From the Pages of Yedies

Jan 10, 2014

by ROBERTA NEWMAN

In March 1977, Yedies included this short article about books in the YIVO Library by one very prolific author, Jonah Kreppel, reportedly the writer of 100 novels, as well as other works. His output included detective novels, no known examples of which were extant at the time the article was published.

In My Father’s Court, Isaac Bashevis Singer recalls the great impression the Maks Shpitskop detective novels made on him:

The detective stories seemed like masterpieces to me. A sentence from one of them remains in my memory, a caption under a drawing showing Max Spitzkopf and his assistant Fuchs, guns in hand, surprising a robber. Spitzkopf is crying out, “Hands up, you rogue.
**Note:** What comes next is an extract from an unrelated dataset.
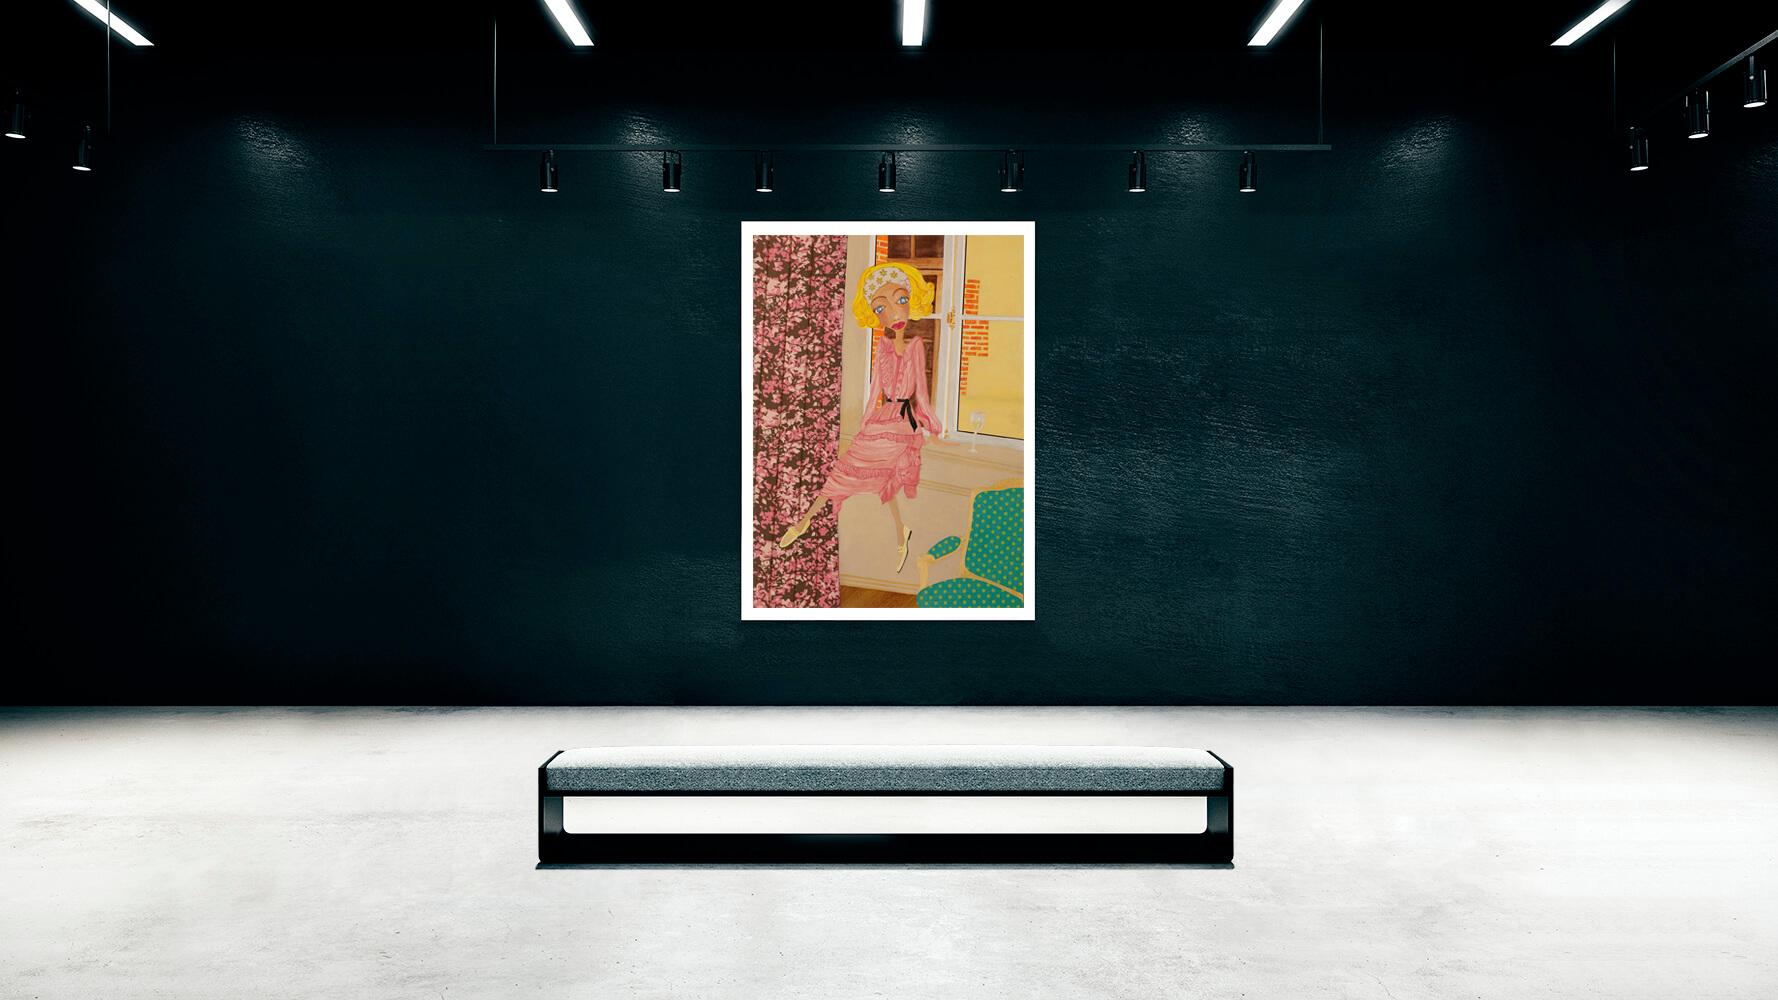 e-peccatis-et-morte-exposicion-colectiva-Horno-Art-Virtual-Galleryl-galeria-arte-fotografia-artistica-decorativa-decoracion-sandra-trujillo

We’ve got you covered!”

For years these naïve words ran like music through my mind.

(Singer, Isaac Bashevis, In My Father’s Court, Farrar, Straus and Giroux, 1967, p. 253)

A search of Worldcat brings up Maḳs Shpitsḳopf der ḳenig fun di deṭeḳṭiṿs : der Ṿiener Sherloḳ Holmes (Maks Shpitskopf, King of Detectives: The Viennese Sherlock Holmes) at both the National Library of Israel and Yale University, undated and unattributed to Kreppel in the catalog records. And there are a handful of titles at the National Library of Poland, Harvard, and Stanford that might be other surviving examples of  Kreppel's detective novels.